→ **The problem**: Quote word for word from the line holding "Here are reasons" to the last line below, including both, and omit any pictures.

→ **Supplied material**:
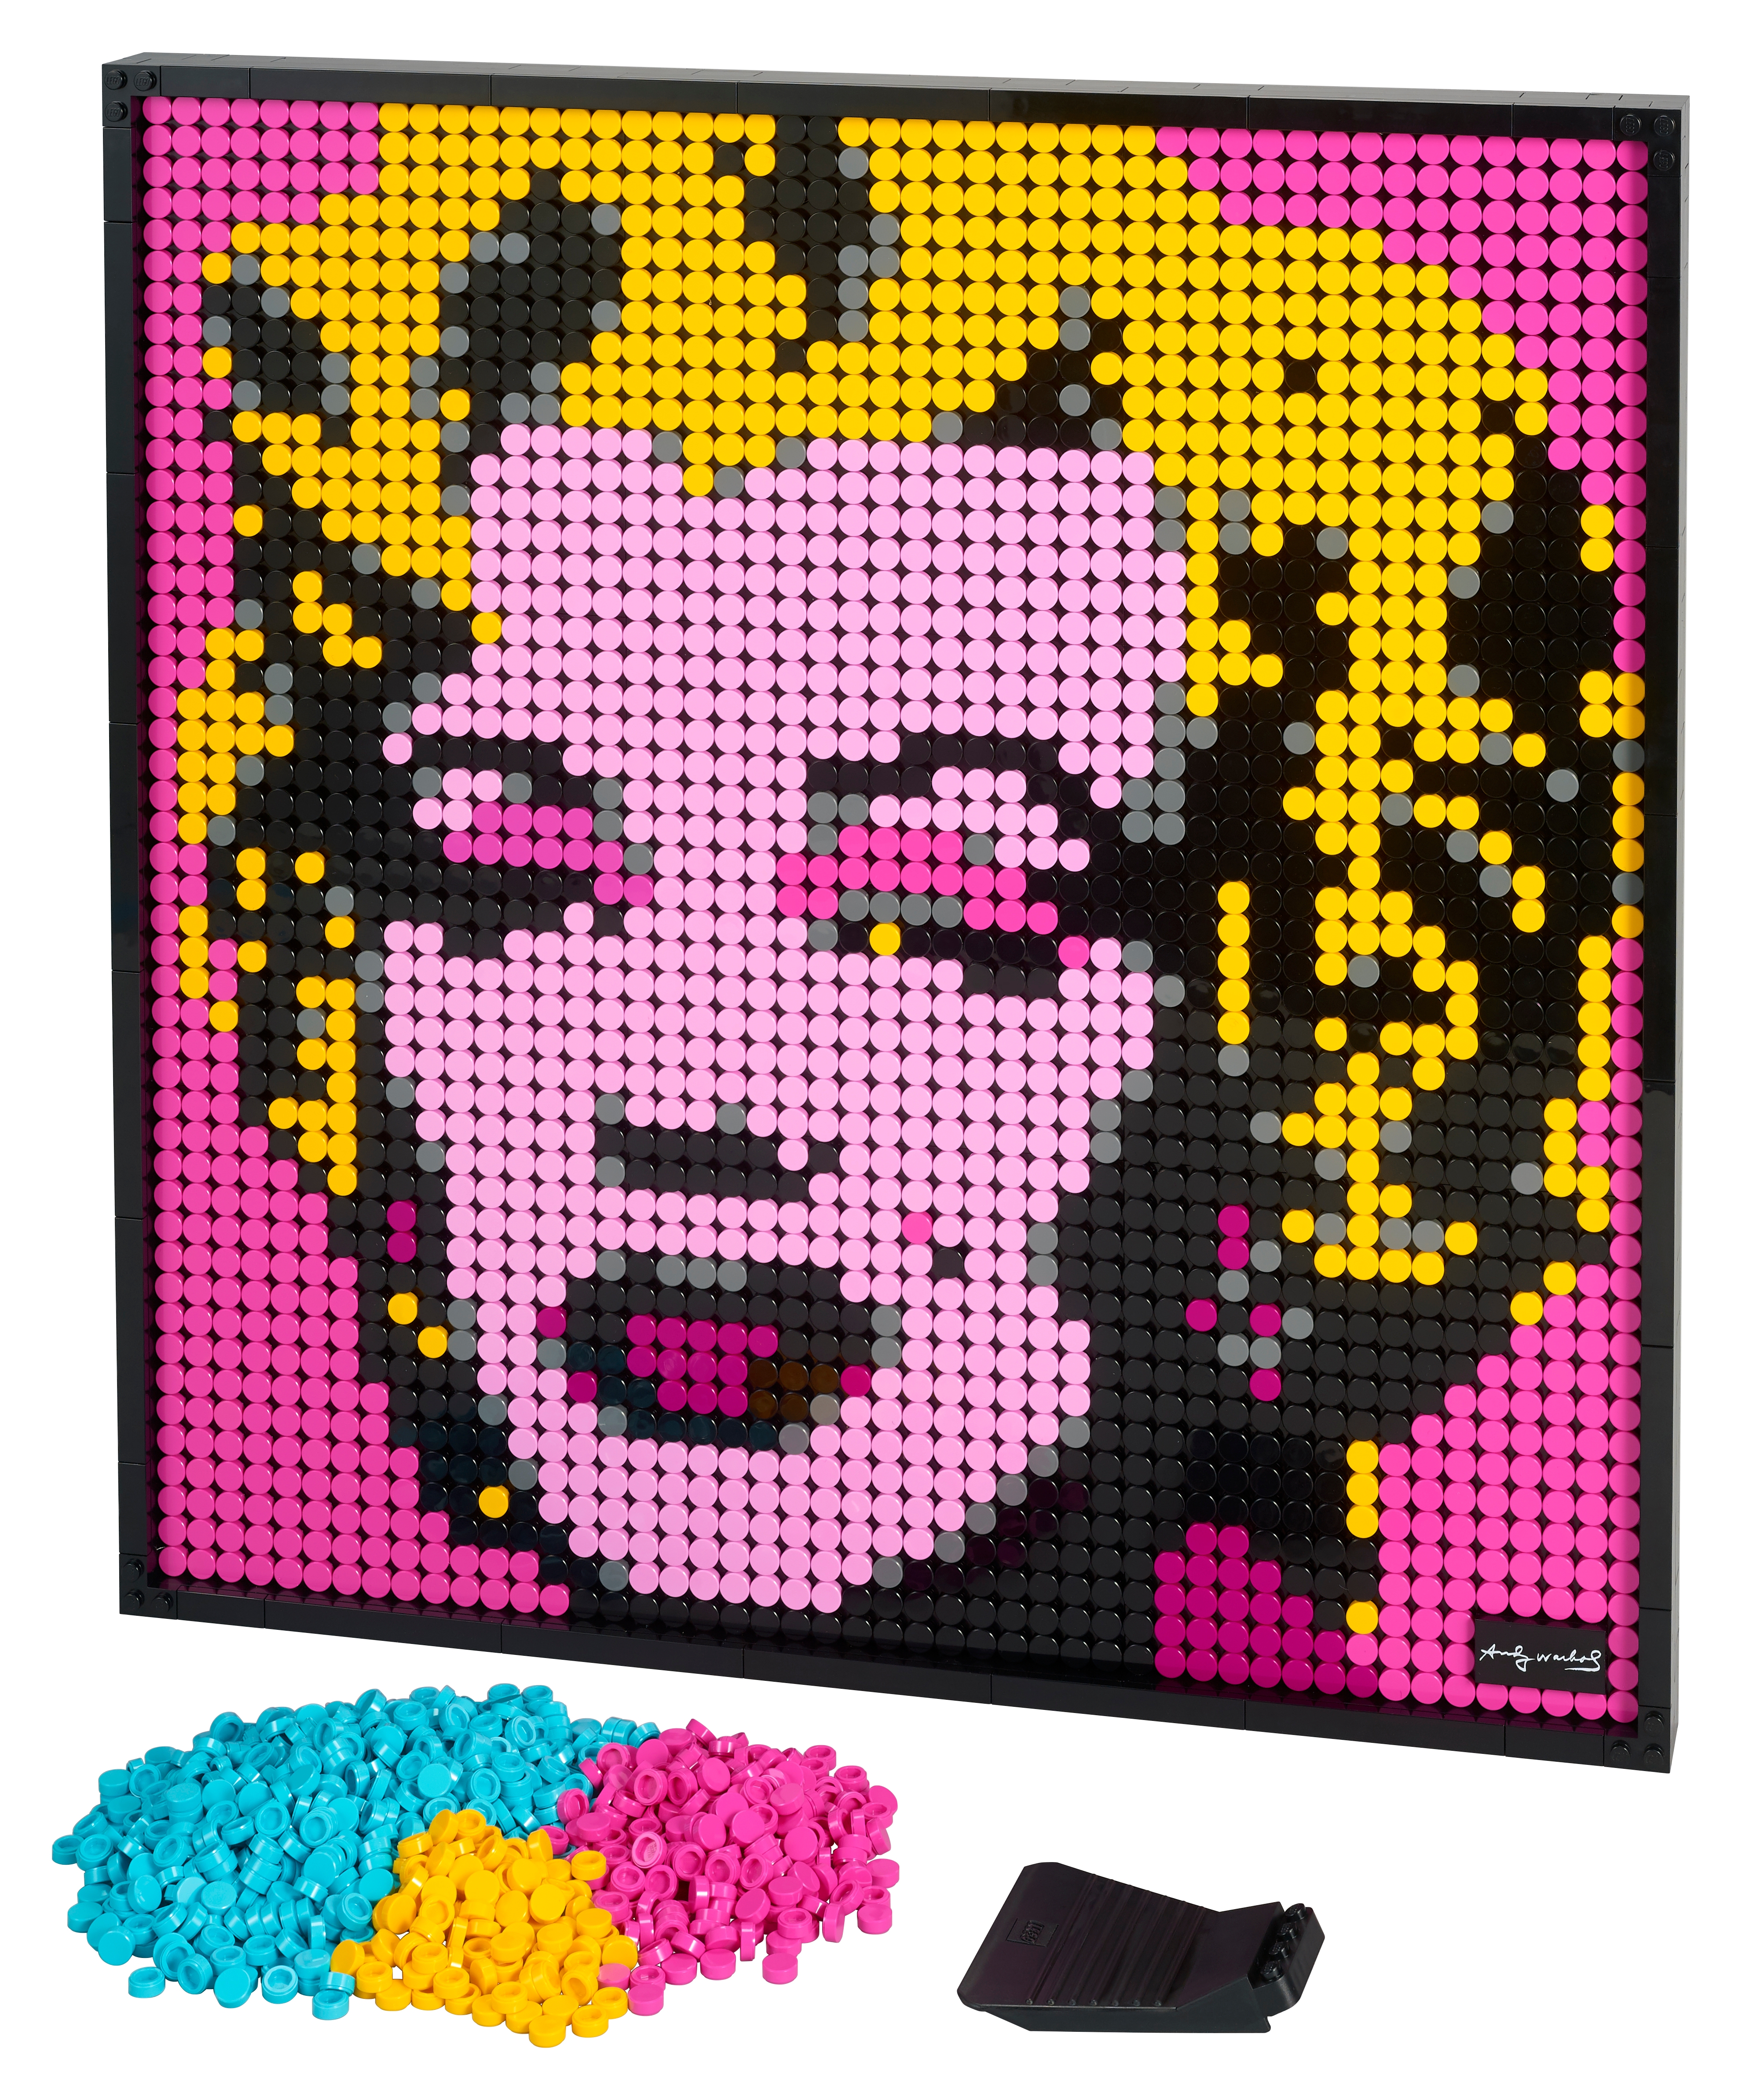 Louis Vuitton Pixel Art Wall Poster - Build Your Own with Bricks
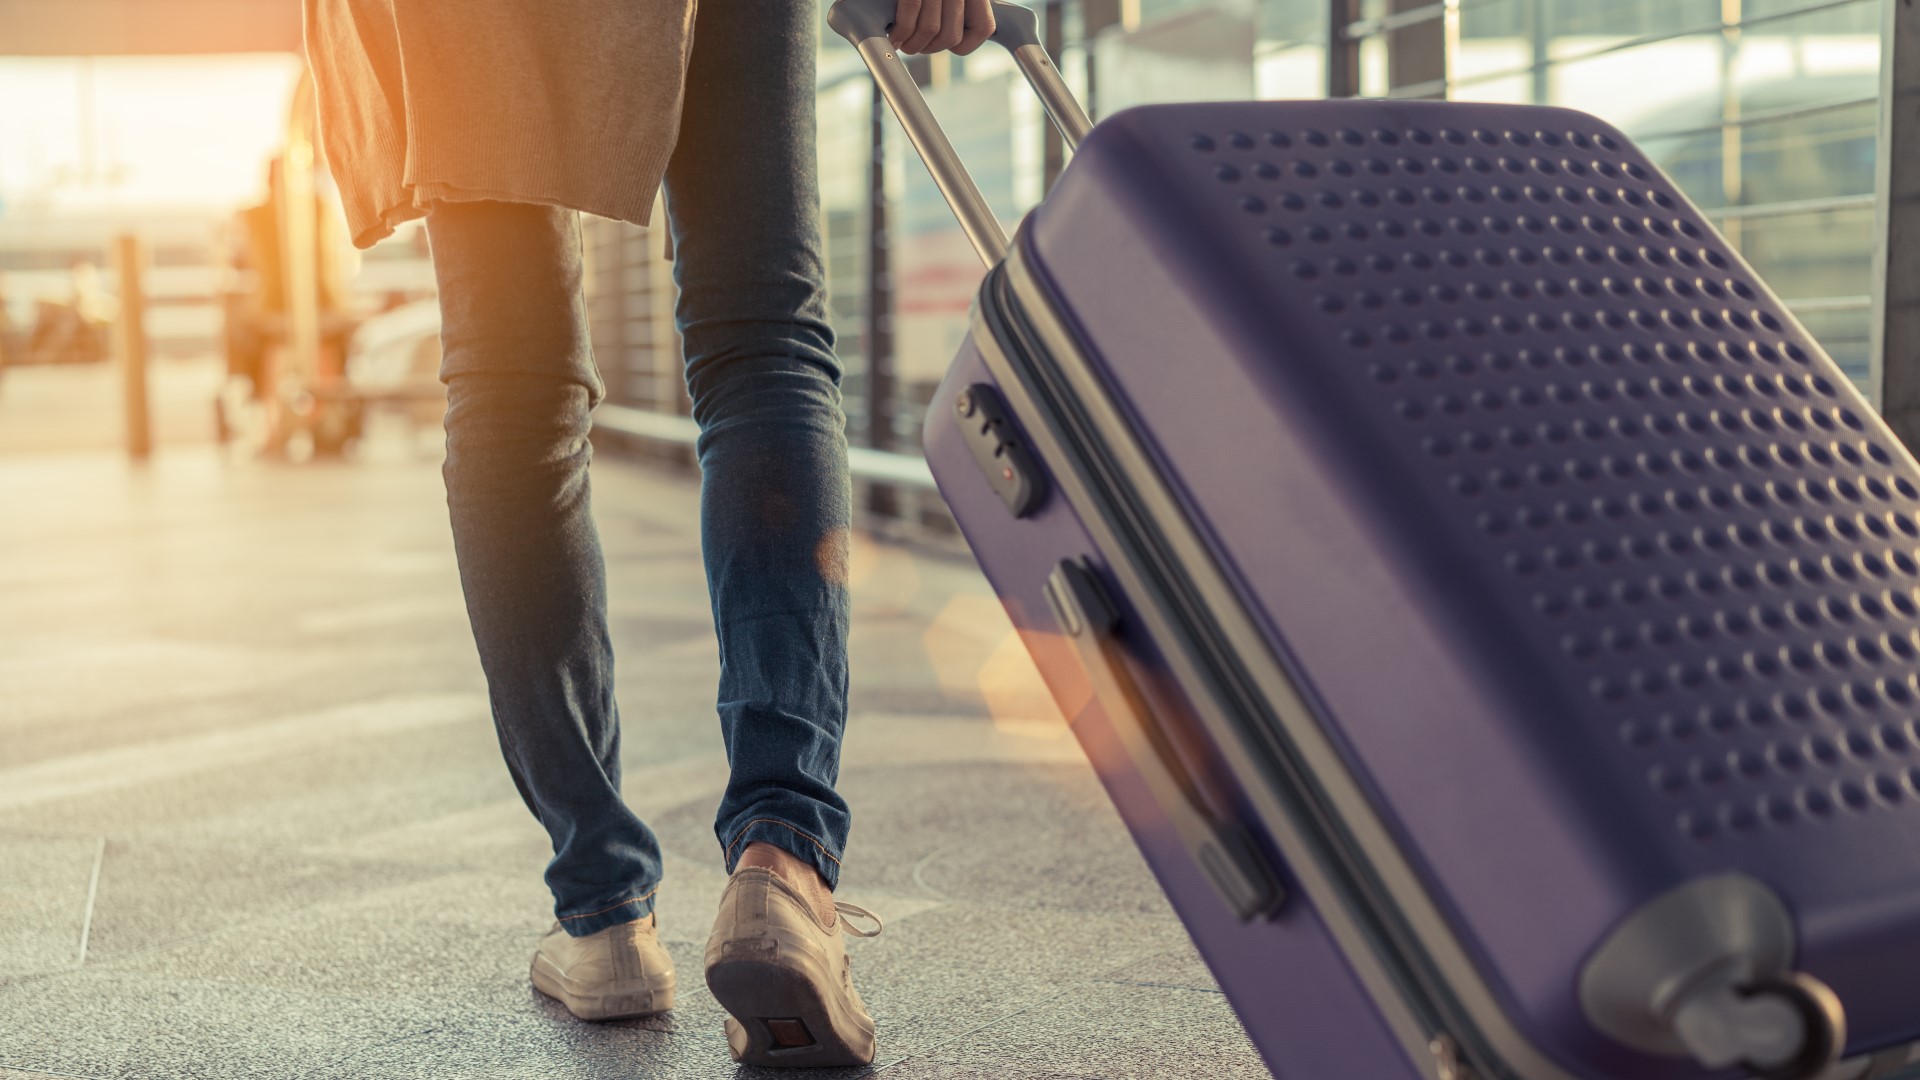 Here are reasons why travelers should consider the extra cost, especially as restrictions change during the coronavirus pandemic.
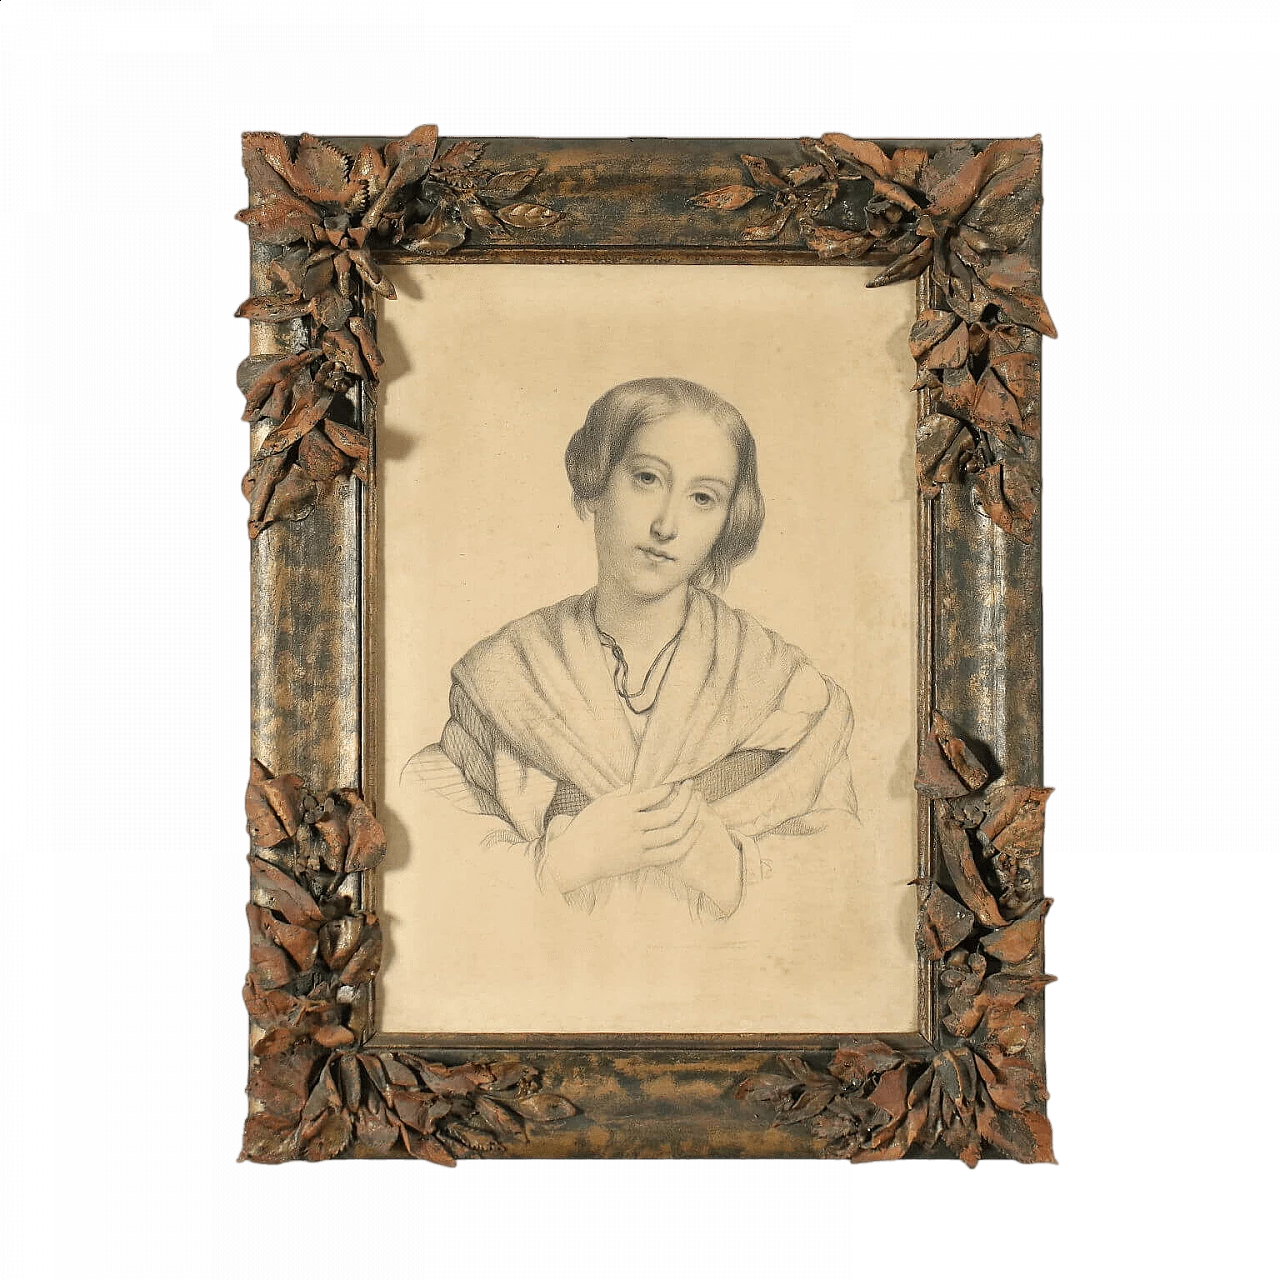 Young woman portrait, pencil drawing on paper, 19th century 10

→ **Response area**:
 Here are reasons why travelers should consider the extra cost, especially as restrictions change during the coronavirus pandemic.
 Young woman portrait, pencil drawing on paper, 19th century 10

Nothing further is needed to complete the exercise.